We slept hard again knowing tomorrow was going to be tough. We fell asleep giving each other pep talks for getting through the haul out. “Gin and tonics at the trailer.” and “A pounding, scalding hot shower at Sawbill” were what we promised each other. We woke early, packed and sadly said goodbye to Wine Lake. We decided to go back to our single portaging and take lots of breaks. The bugs were so much worse as we headed out and we were grateful for our bug net shirts.

Even the dog was exhausted by the portage!

We made our way through some tough head winds into Kelso Lake and opted for the east arm to avoid Lake Alton . Back to Sawbill campground, Ed refused to let me cook and decided that we were going to drive out for a date night dinner out. Cindy sent us to Moguls in Lutsen where we gorged on prime rib.
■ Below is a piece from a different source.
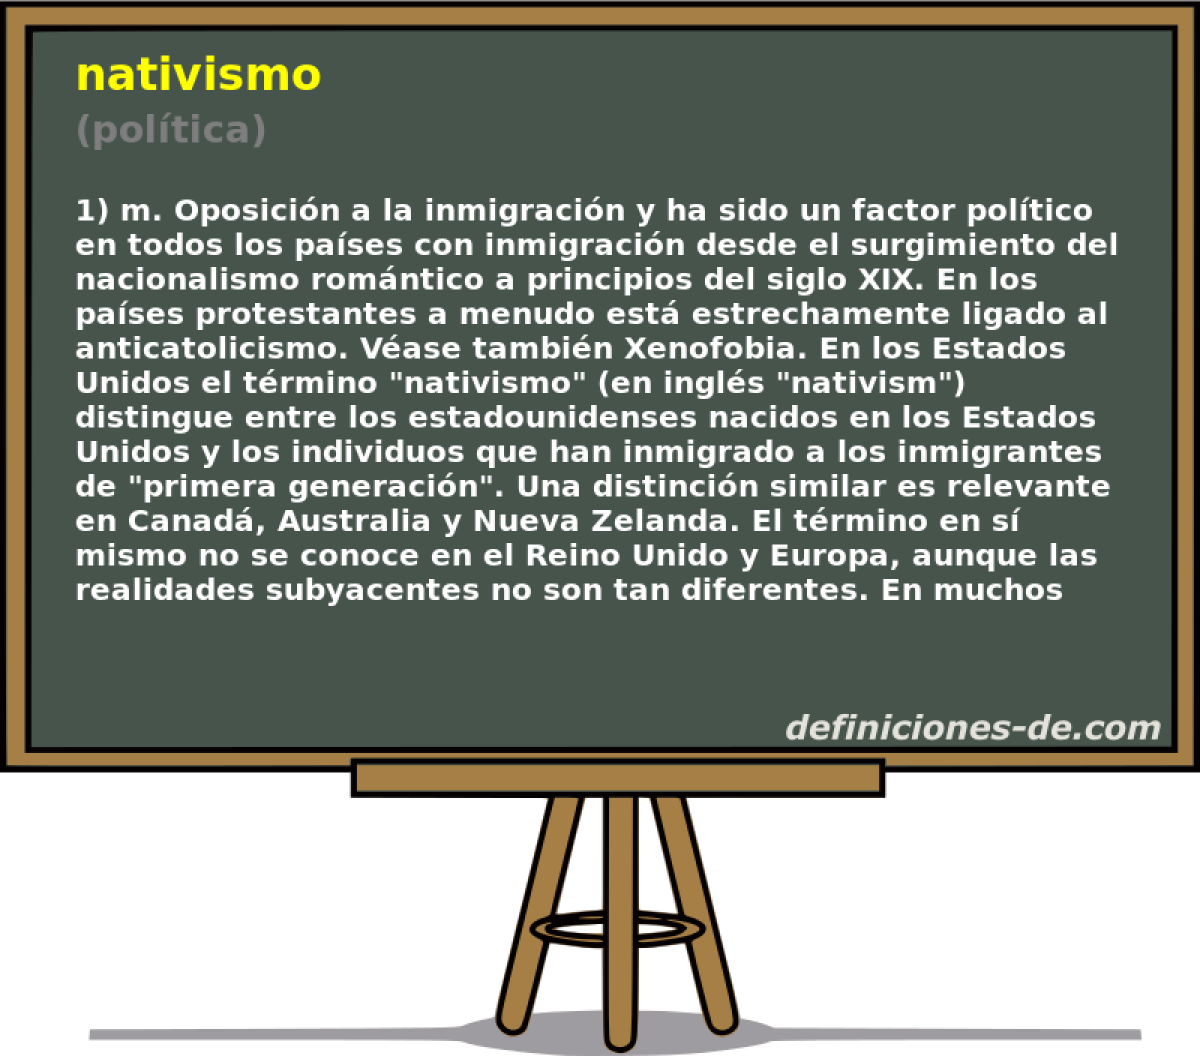 nativismo (poltica)

Our final day we decided to head to one of the fire lakes that we had caught lots of Walleye at last year. The day was overcast, but the winds were lighter. Our fire lake didn't disappoint and we took a good walleye, a nice small mouth.

For extra fun- I could not stop catching northern pike! Those crazy buggers hit everything I threw- crazy sparkly pink grubs- whatever I had in the box they slammed! We had run out of our leaches and the rain was coming down pretty heavy- so we decided that our time was done. Back to the hot shower at Sawbill, a quick nap and we began the trip home after a huge dinner of Jumbalaya.

I’m writing the trip report as we drive home. I finish a section and read it back to Ed- he smiles and laughs, “Hon- it sounds like the most perfect trip anyone could ever have, almost like a honeymoon- and what’s so cool is we actually did it!” Did I say I loved him? Yep I do!